___ TASK INPUT ___

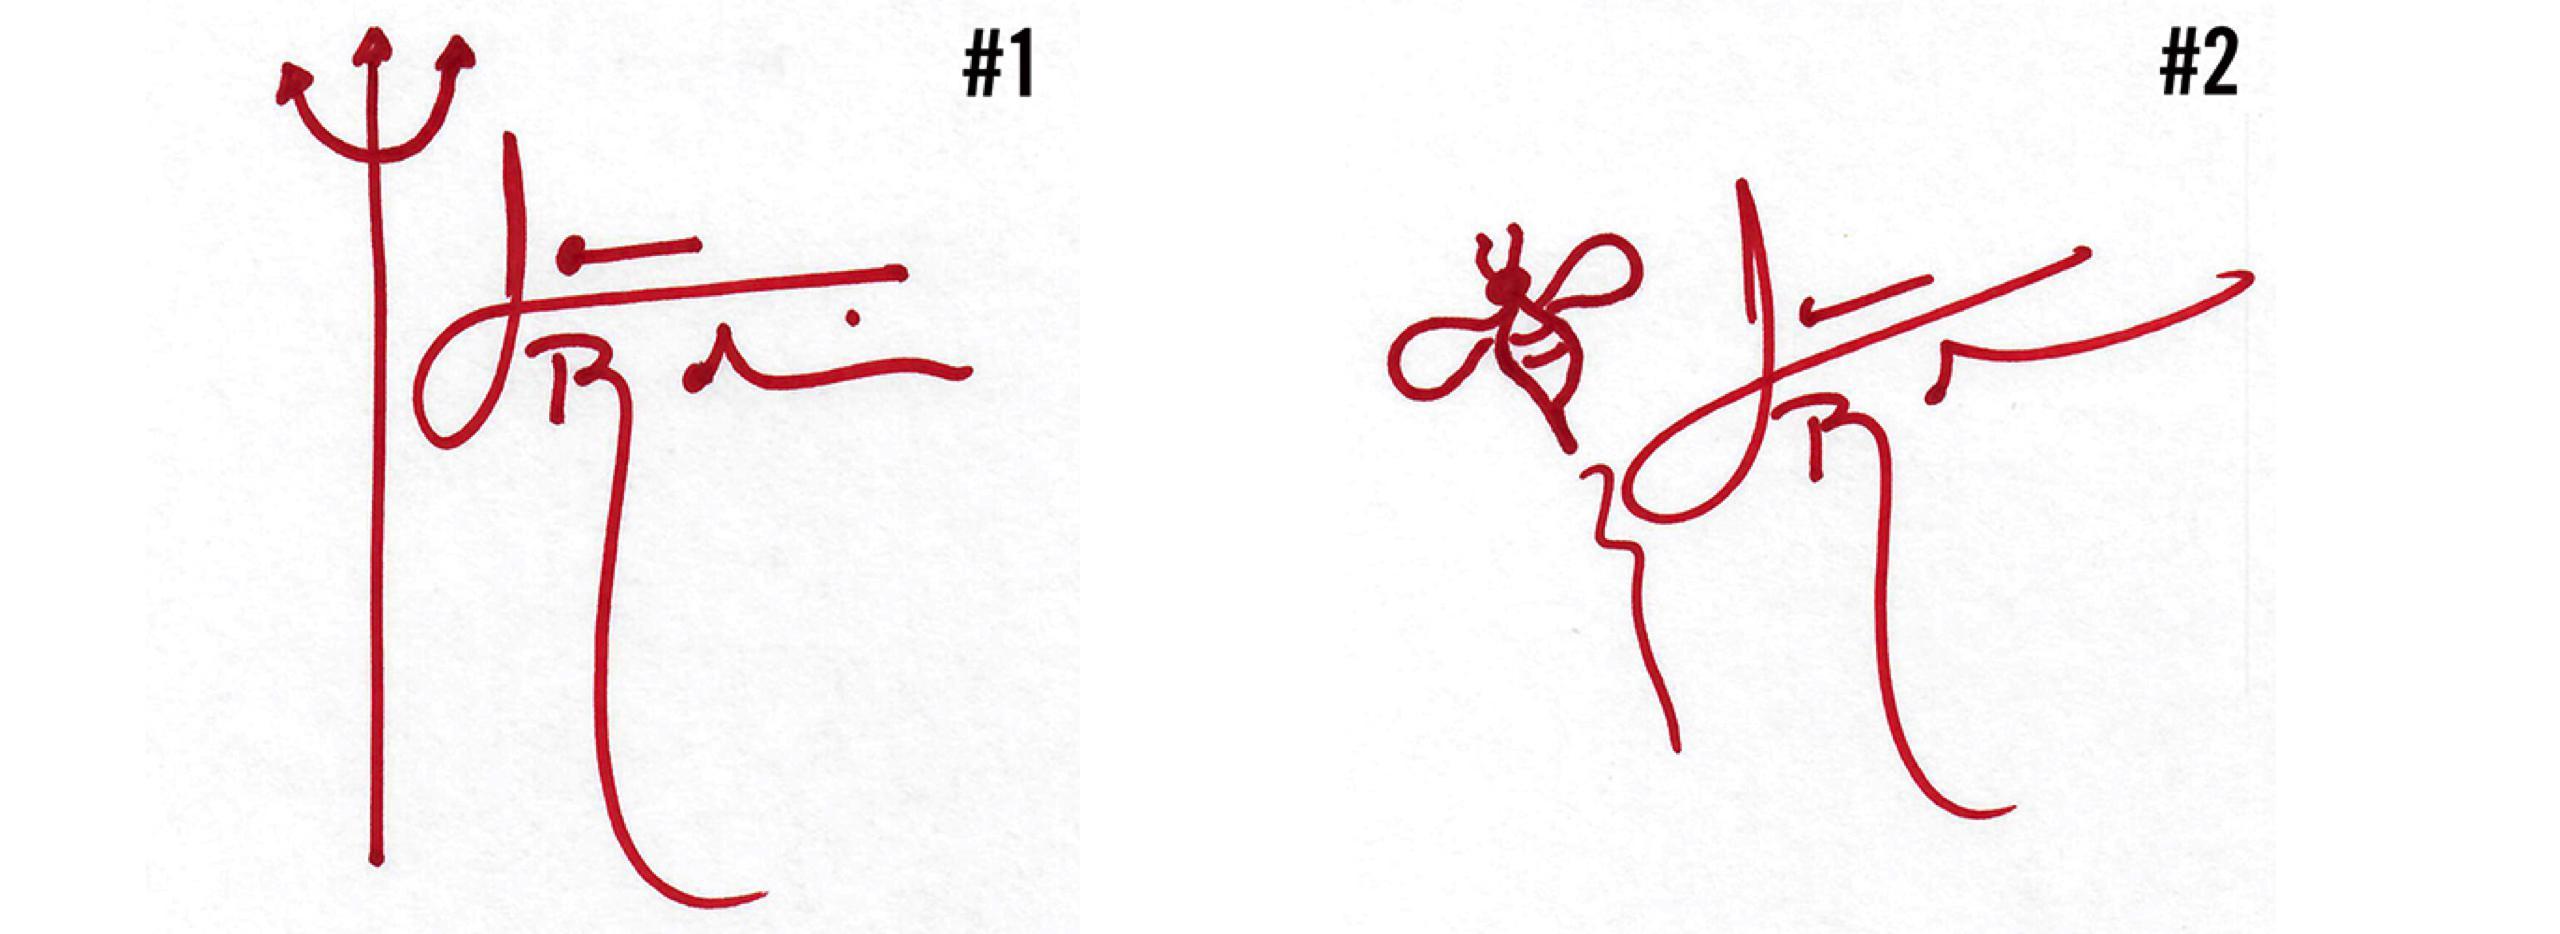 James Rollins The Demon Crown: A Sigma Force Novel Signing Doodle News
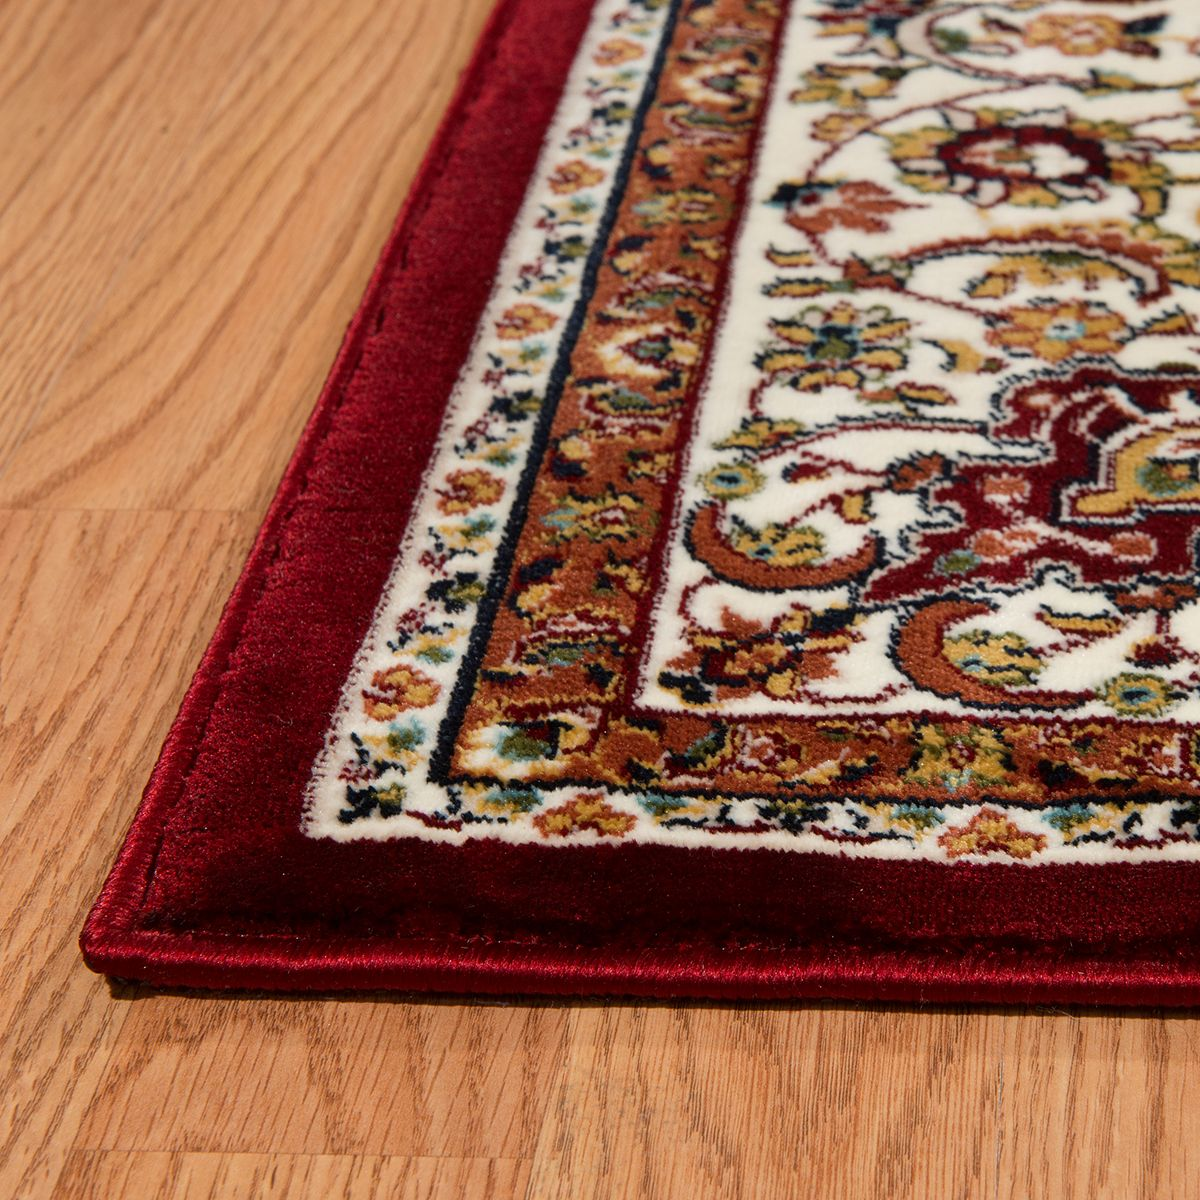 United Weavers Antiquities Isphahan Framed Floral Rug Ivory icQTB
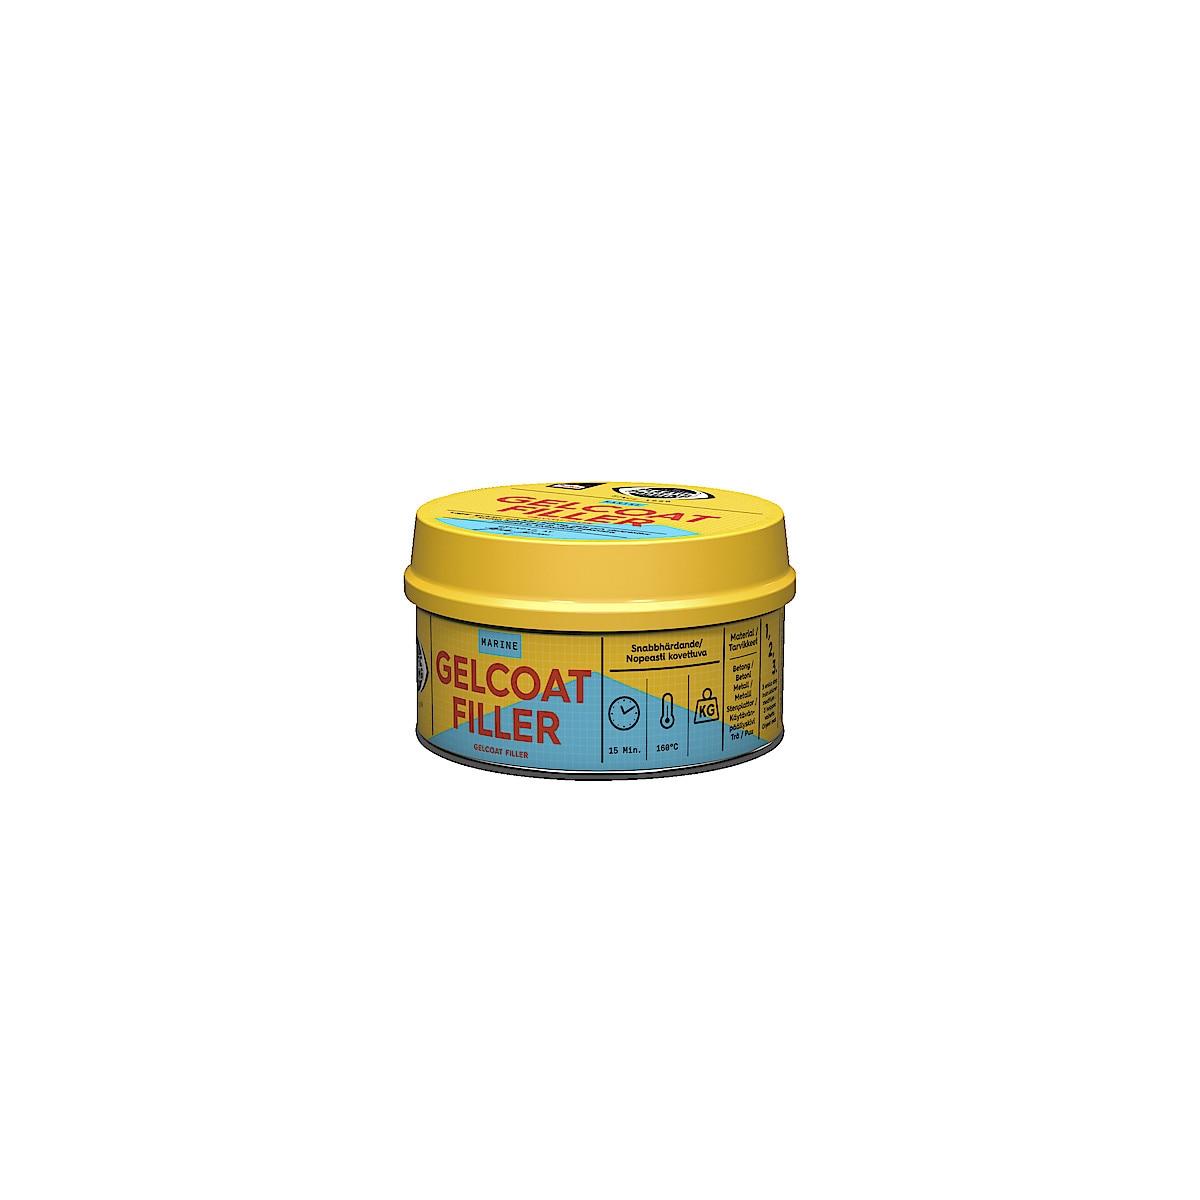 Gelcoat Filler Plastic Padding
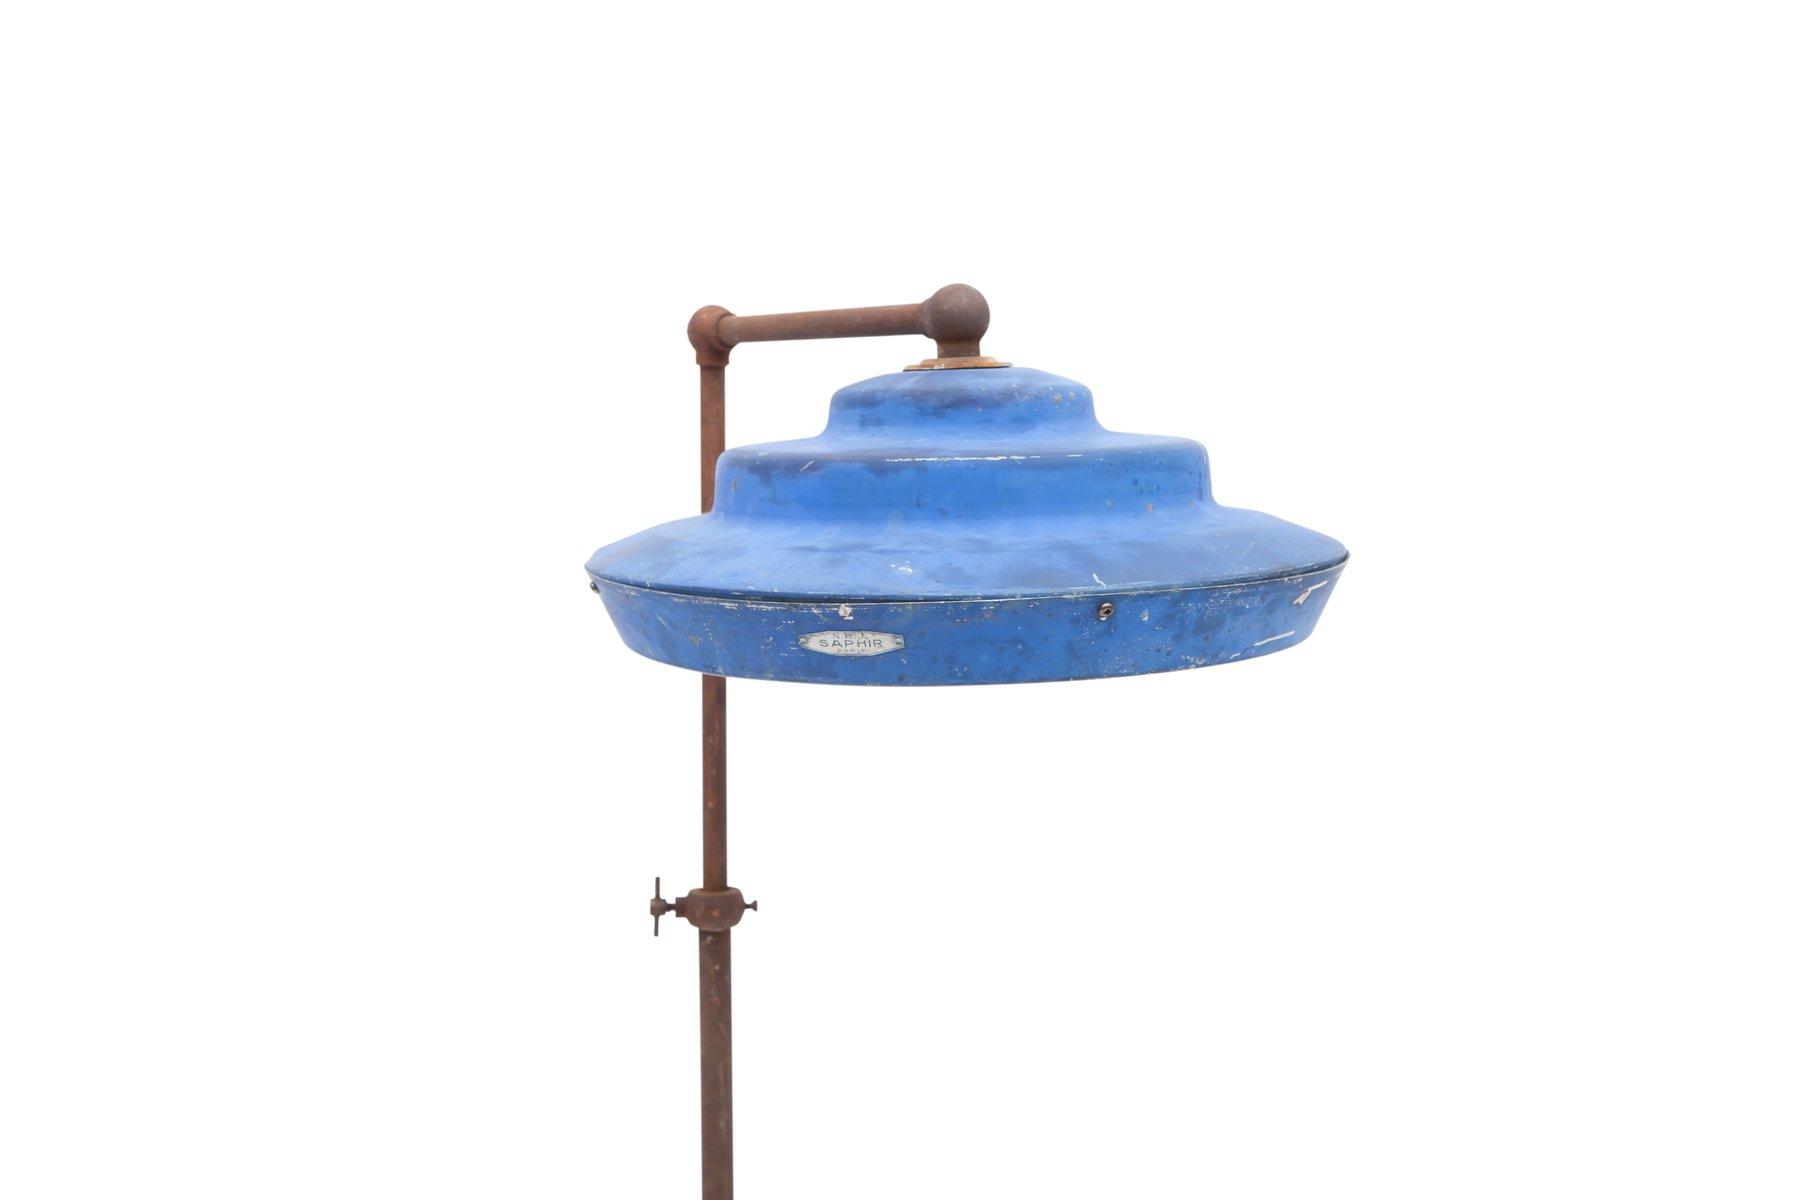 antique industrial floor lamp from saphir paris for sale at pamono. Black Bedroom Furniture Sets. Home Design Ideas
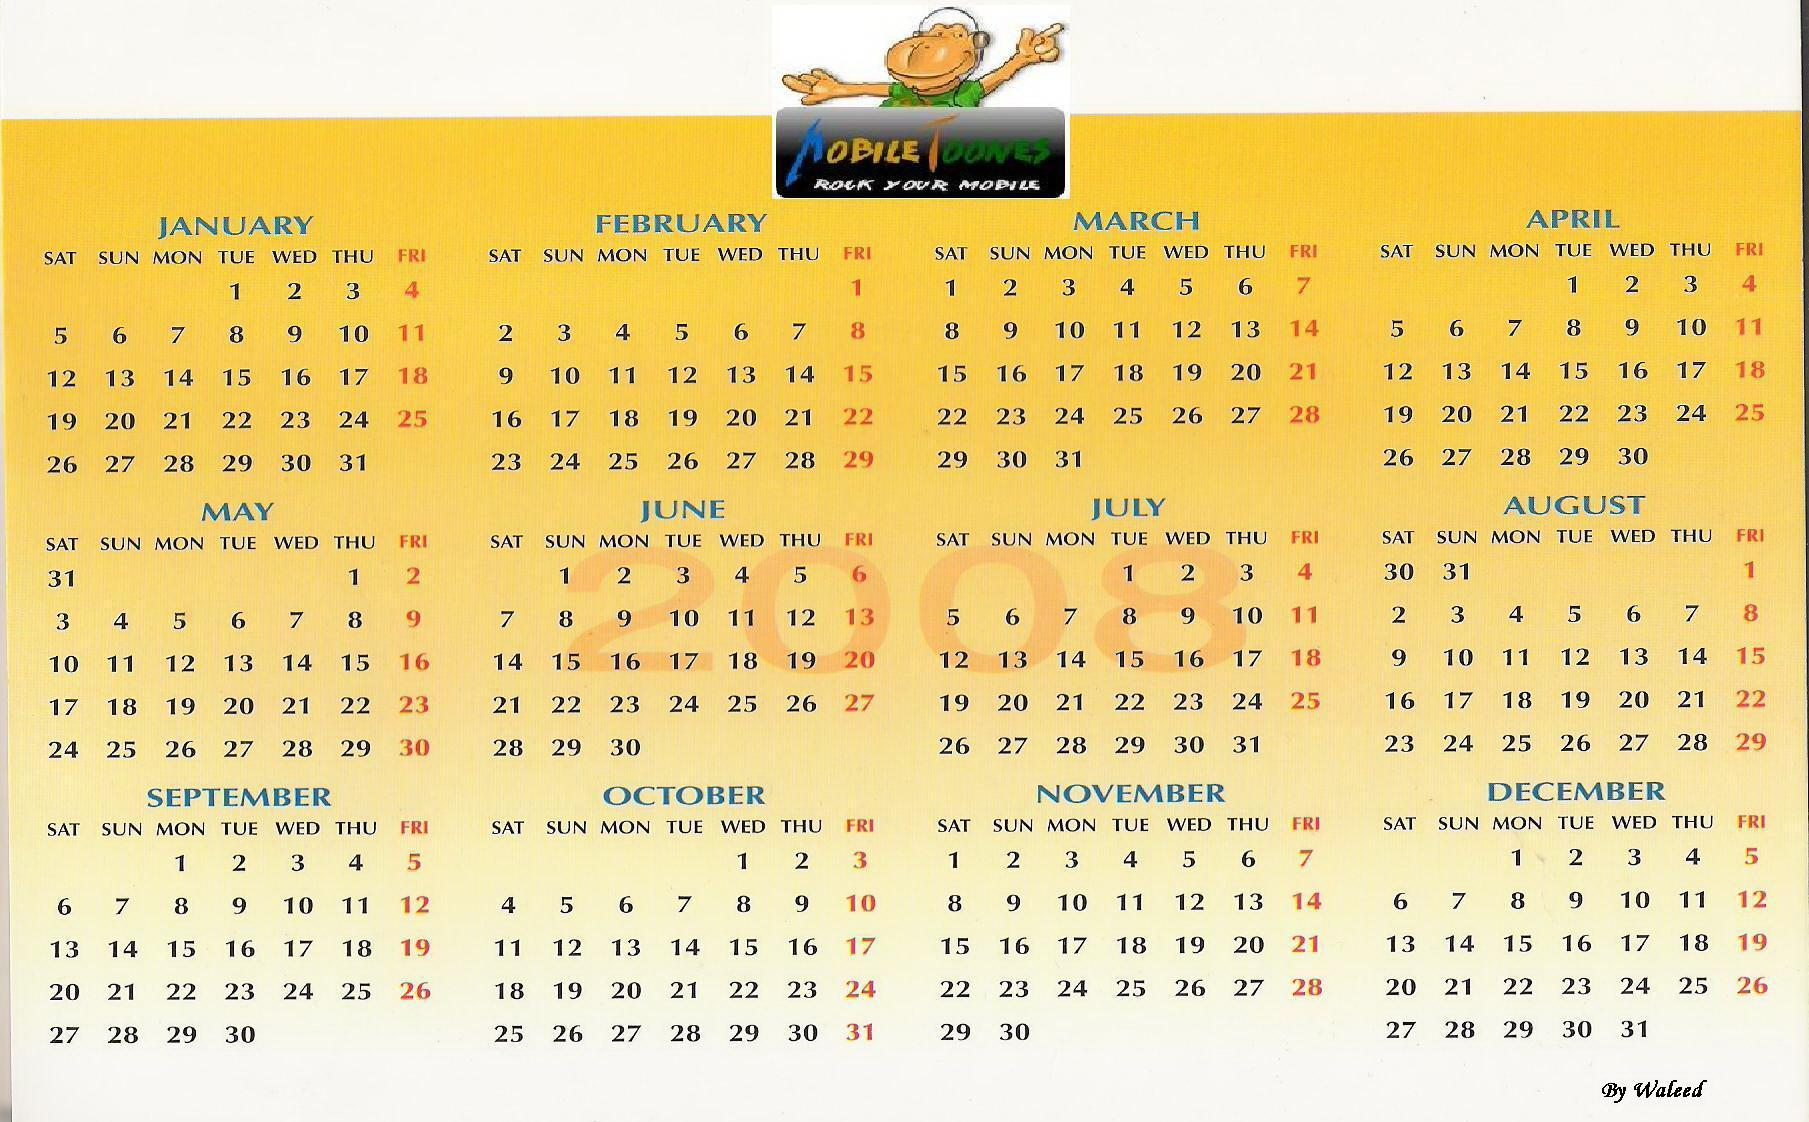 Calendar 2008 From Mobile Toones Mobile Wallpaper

___

• WHAT IS REQUIRED:
Exactly as written above, print every record, and keep the pictures out.

• RESULT BELOW:
 James Rollins The Demon Crown: A Sigma Force Novel Signing Doodle News
 United Weavers Antiquities Isphahan Framed Floral Rug Ivory icQTB
 Gelcoat Filler Plastic Padding
 antique industrial floor lamp from saphir paris for sale at pamono. Black Bedroom Furniture Sets. Home Design Ideas
 Calendar 2008 From Mobile Toones Mobile Wallpaper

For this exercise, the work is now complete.